"Если б,-- думал он,-- кто-нибудь вздумал написать из меня повесть, он, верно бы, описал прежде всего мой кабинет, и, надеюсь, тут ему довольно было бы работы…" При этом Хлыстов самодовольно взглянул на кучу разных безделушек, развешанных по стене, расставленных по сторонам, размещенных по этажеркам и подоконьям, сделал гримасу портретам, сказав: "Эх, вы!", и потом заглянул мимоходом в зеркало. "Описавши кабинет, он, верно, начал бы так: "Молодой хозяин кабинета…"" И тут Хлыстов не мог удержаться от улыбки, подумав, что повествователь уж никак бы не мог пропустить, что хозяин очень недурен собою. Эта мысль заставила его быстро подойти к зеркалу, и уже на этот раз он стоял перед ним довольно долго, потом начал шибко ходить, страшно отбрасывая ноги по сторонам и декламируя какие-то стихи своего сочинения. Потом он произнес: "Вот черт возьми!" -- и задумался. Подумав с минуту, он вскочил и с необыкновенною живостью закричал: "Ванька, трубку!" -- и опять сел… Прошла минута, ни Ваньки, ни трубки не было.
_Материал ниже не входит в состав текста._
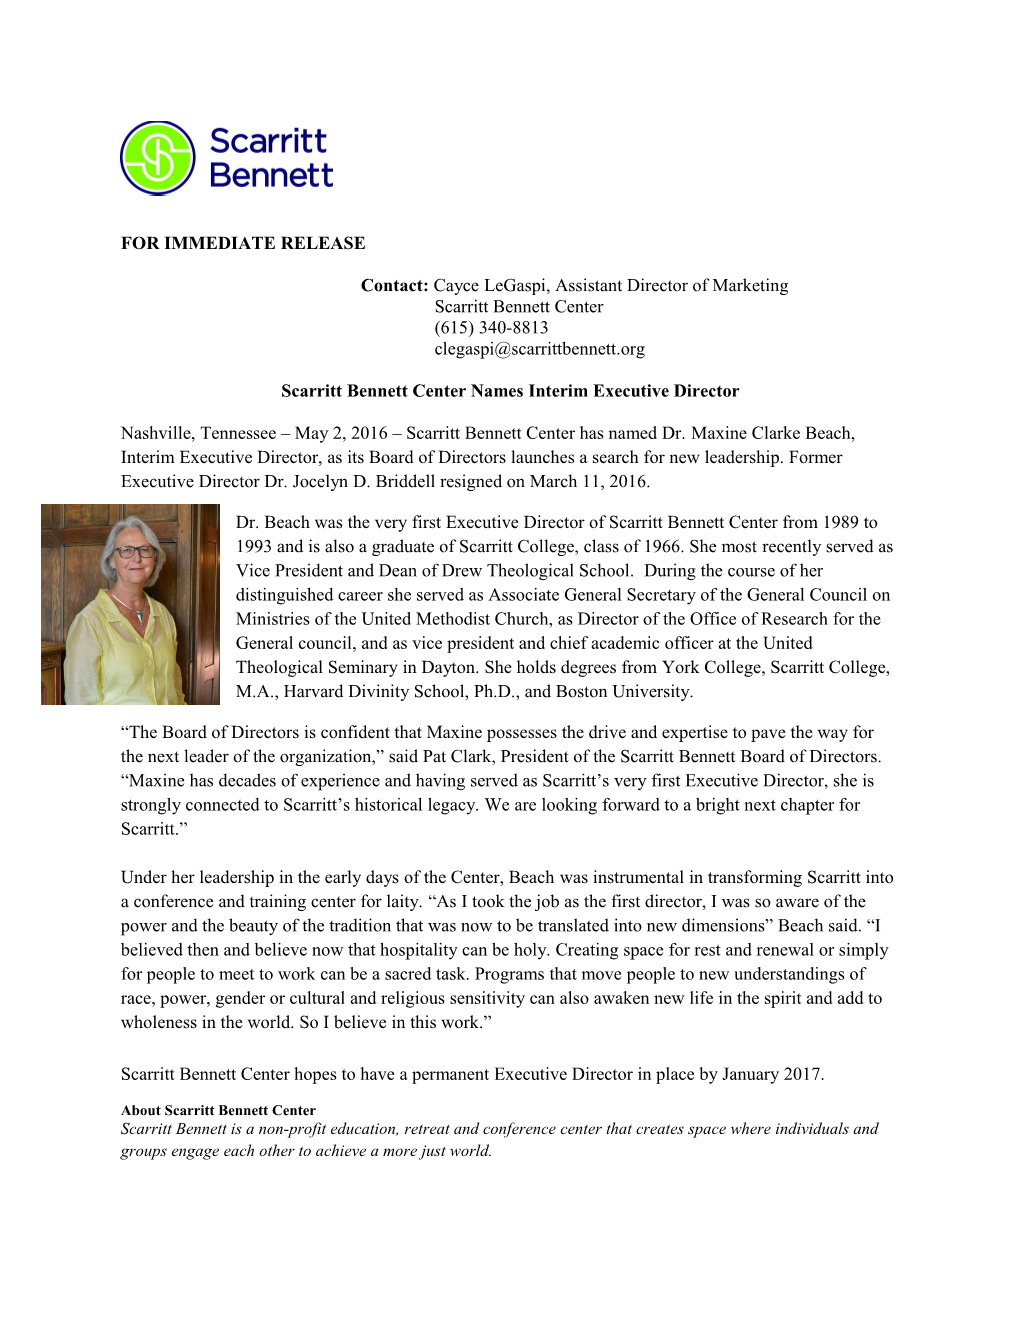 Scarritt Bennett Center Names Interim Executive Director

Он побежал в кухню с сердитым лицом, разбудил Ваньку, крикнул, что он только спит и даром ест у него хлеб, погрозил высечь и, с гневом возвратившись в кабинет, сел и начал что-то насвистывать. Ванька подал ему трубку, которую набил из стоявшего тут же курительного снаряда.
В то время раздался звонок. Входит молодой человек невысокого роста, черноватый, в оливковой венгерке и в красном шарфе,-- один из тех праздношатающихся молодых людей, которые попадаются во всех гостиницах Невского проспекта и всюду, где есть на что поглазеть. Сам он ничего не сочинял, но был друг со многими второстепенными сочинителями и актерами и с гордостью говорил, что решительно не пропускает ни одного спектакля в Александрийском театре. И он не лгал.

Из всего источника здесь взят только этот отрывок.